Helene often describes Tiimo as a companion that helps people stay present rather than a checklist that measures success. This distinction has made the app a trusted partner for people managing time blindness, executive function challenges and transitions throughout the day.
The company’s goal is simple yet ambitious. Education, work and daily life should not depend on how well someone fits into a single model of productivity. Everyone deserves tools that help them feel capable and in control.
How Tiimo Works
Visual Planning and Personal Rhythm: Tiimo’s design revolves around visual planning. Each activity can be represented by icons and timers that show time passing in a way that makes sense to those who process information visually. The app sends gentle reminders and countdowns that help users transition smoothly from one task to another. It is not about pressure or deadlines but about guidance and rhythm.

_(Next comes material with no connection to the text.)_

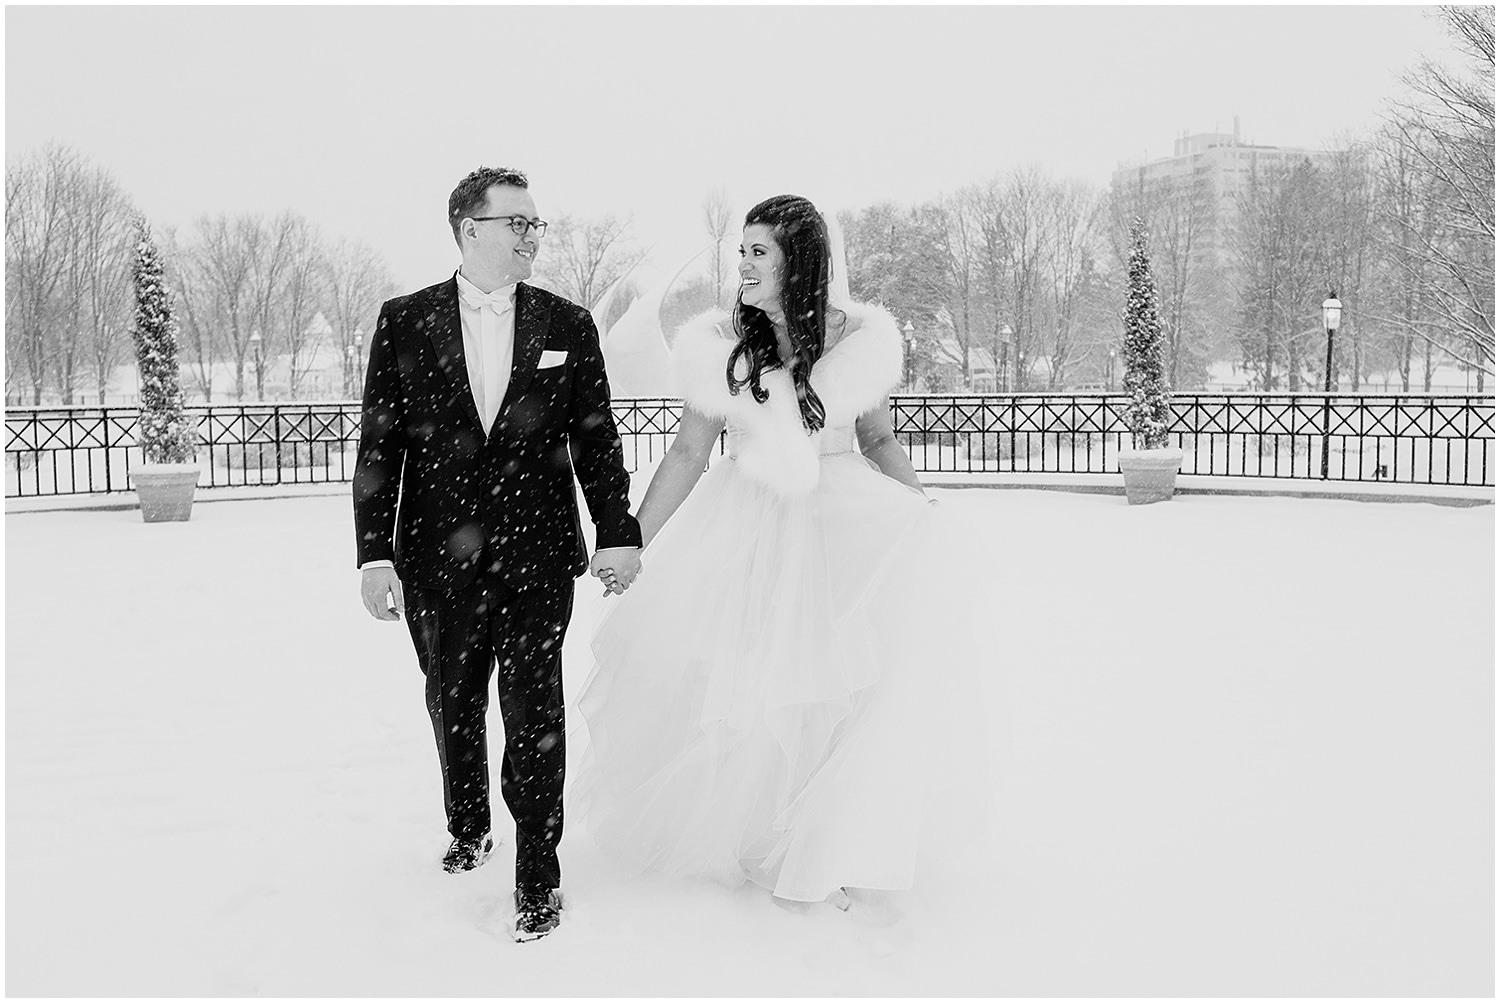 adam lowe photography, wedding, style, love, franklin park conservatory, FPC, columbus, ohio, winter wedding, madison house floral, ivy bridal studio, the black tux,guilded social, jenny yoo, victorias secret,hayley paige, justine m couture, jimmy choo, tiffany and co, james allen

Growth and Inclusion: What began as a smartwatch app for children with ADHD has evolved into a full platform for adults and families. Tiimo now runs on multiple devices and is expanding across languages and regions. The company has raised millions in funding to continue improving accessibility and to reach more communities around the world.

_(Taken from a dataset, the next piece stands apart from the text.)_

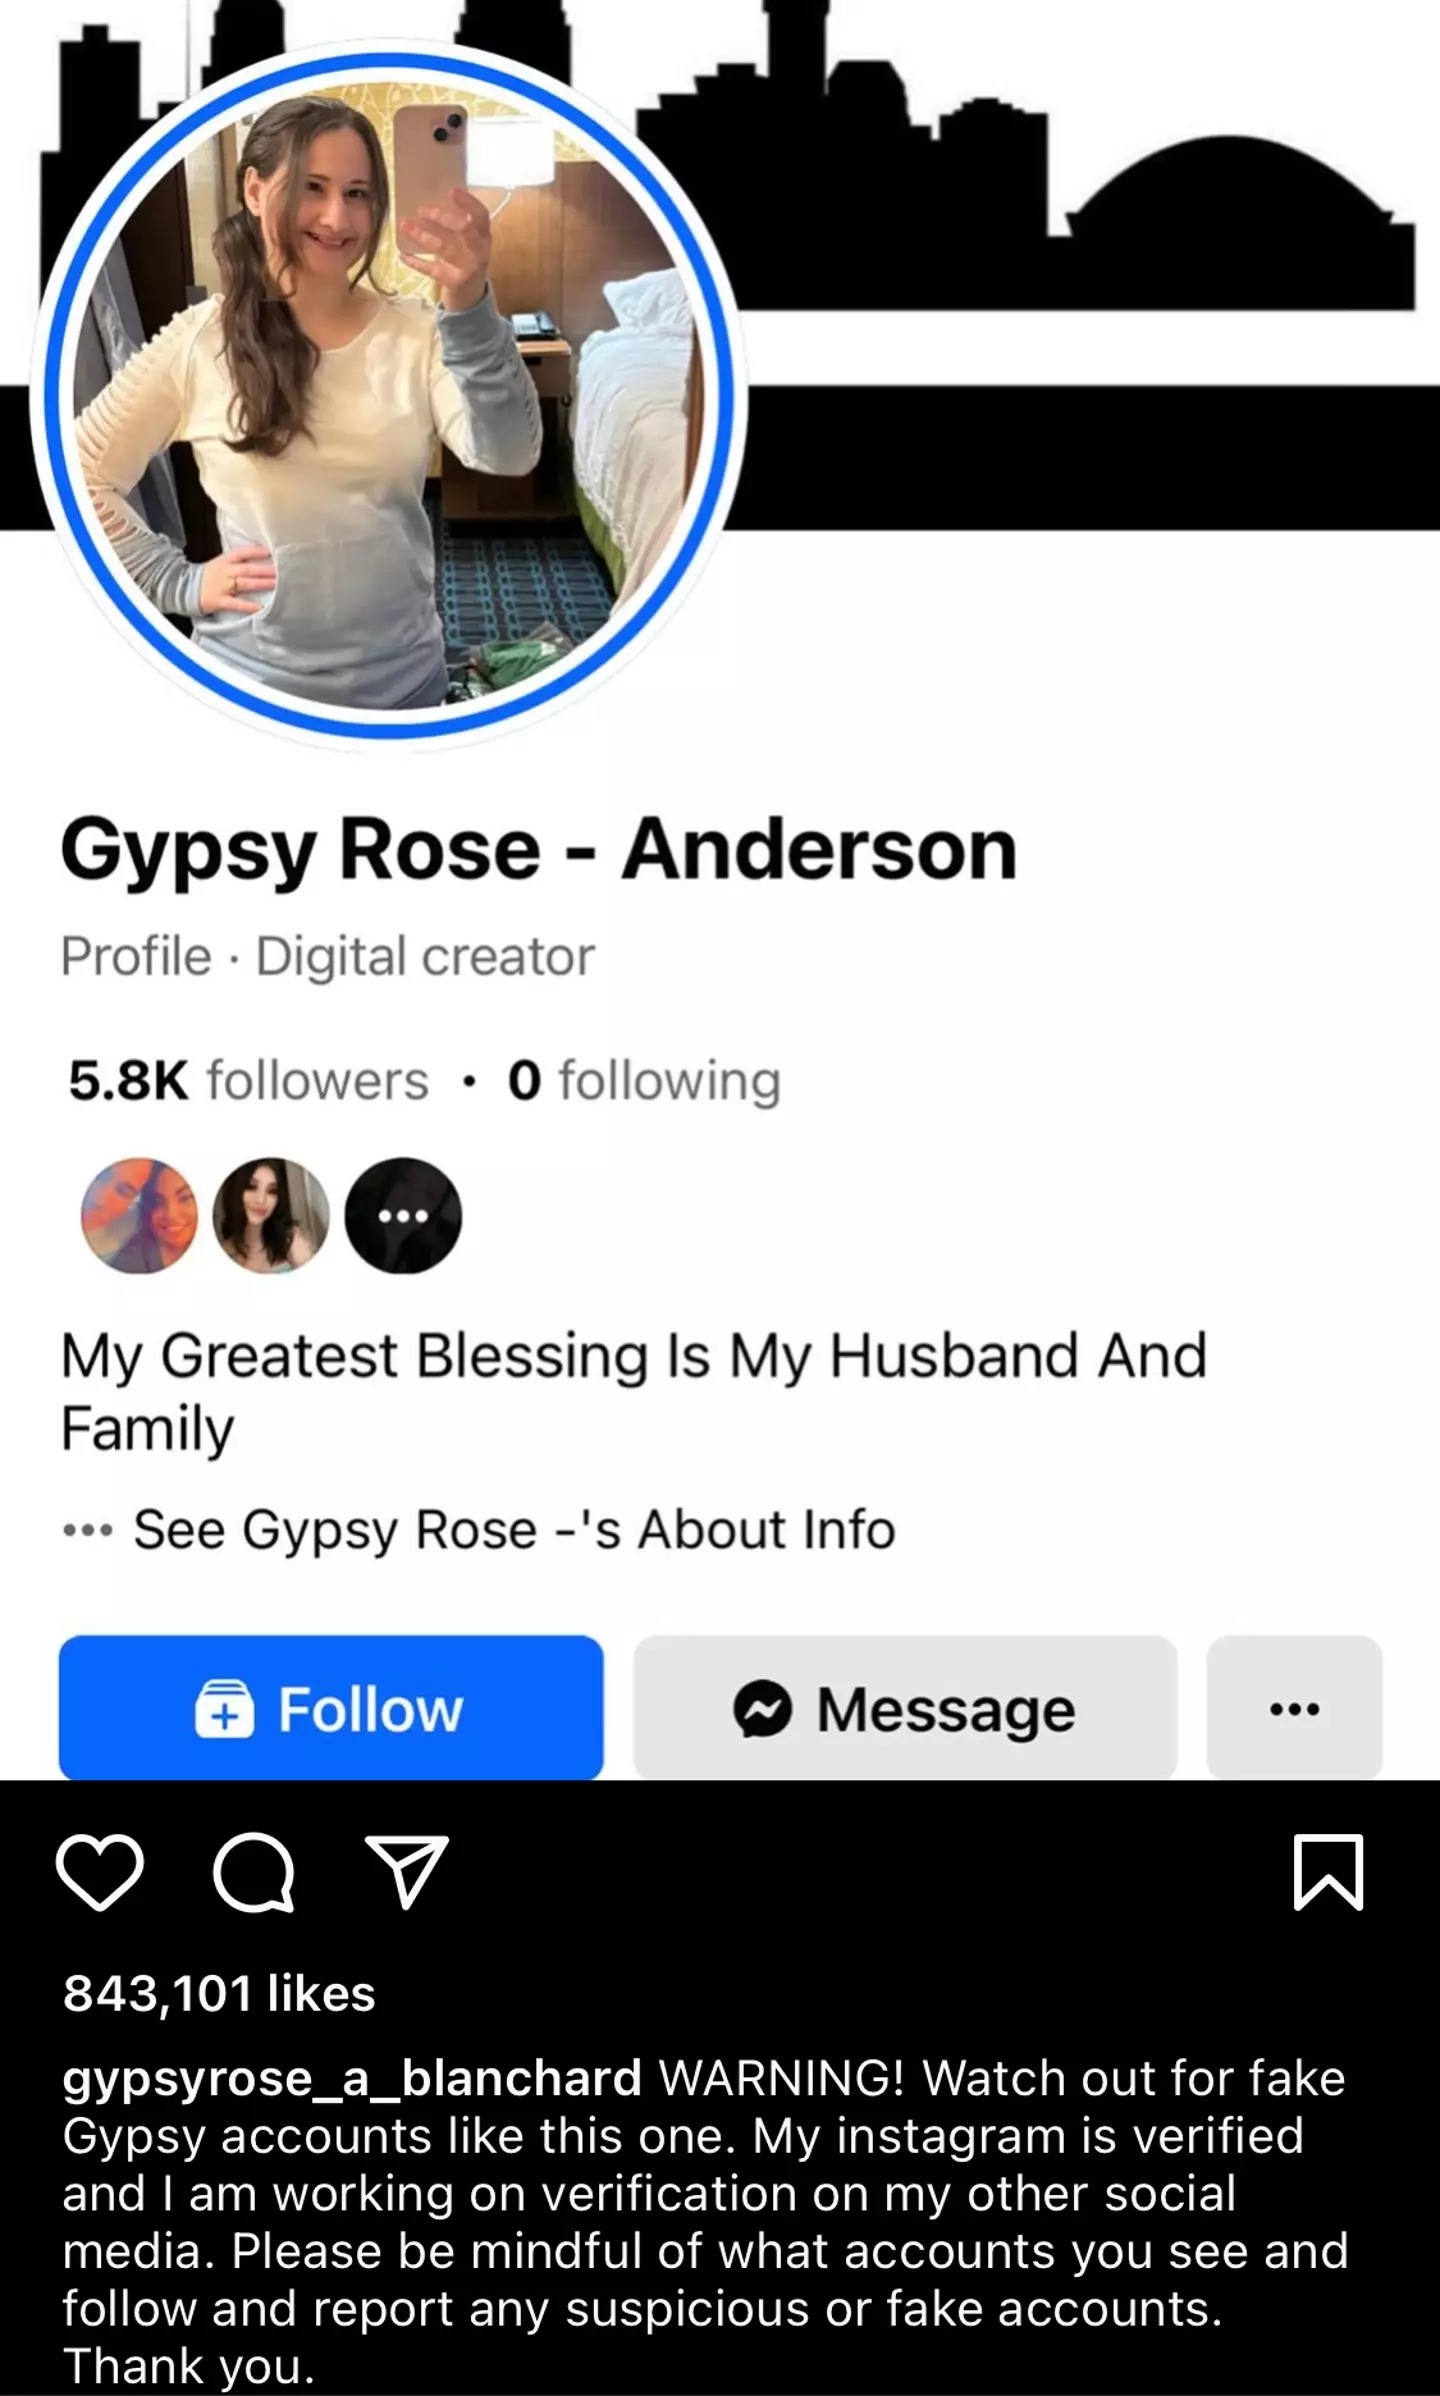 Gypsy Rose has warned her 3 million followers of profiles impersonating her online.

Helene and her team have created an active online community where users share templates, routines and advice. This exchange turns Tiimo from a product into a movement for inclusive design. The company’s growth is steady because it focuses on trust, not trends. People use it because it feels like a helping hand rather than another productivity app.
The Right Moment
Awareness of neurodiversity has never been higher. More workplaces, educators and parents are recognizing that the traditional idea of focus and productivity does not fit everyone. Helene built Tiimo during this shift, understanding that technology could either reinforce exclusion or redefine inclusion.
Her timing could not have been better. As digital tools became more sophisticated, they also became more rigid. Tiimo represents the opposite philosophy. It is flexible, humane and responsive to different cognitive needs.
Helene’s approach is guided by one clear principle. Design should start with empathy, not assumptions. Instead of building features for efficiency alone, Tiimo designs for emotional connection and self-esteem. That mindset sets the company apart from the typical tech startup narrative.
What’s Next for Tiimo
Tiimo continues to grow as both a company and a community. Helene’s next goal is to make the platform accessible on every device people use, from phones and tablets to desktops. She wants Tiimo to be available wherever structure is needed most, whether at home, in school or at work.
She is also focused on expanding Tiimo’s visual learning features, making them adaptable for children and adults who process information differently. The team is exploring new ways to use gentle AI tools to personalize reminders and routines without taking away the human touch that defines Tiimo.
Inside the company, Helene promotes an inclusive leadership culture that values balance and wellbeing as much as innovation. Her team practices what they build, using flexibility, clear communication and trust as the foundation of their work.
Helene Lassen Nørlem represents a new generation of entrepreneurs who see technology as a tool for empathy. She built Tiimo not to fix how neurodivergent people function but to celebrate how they think. By creating a product that listens to its users and grows with them, she is redefining what productivity and independence can look like.
Tiimo is more than an app. It is a revolution in how people live their days. And Helene’s work reminds us that when design meets understanding, technology can finally feel like it belongs to everyone.
From a classroom concept to a global tool, Tiimo reflects a new way of thinking about time, structure, and neurodiversity.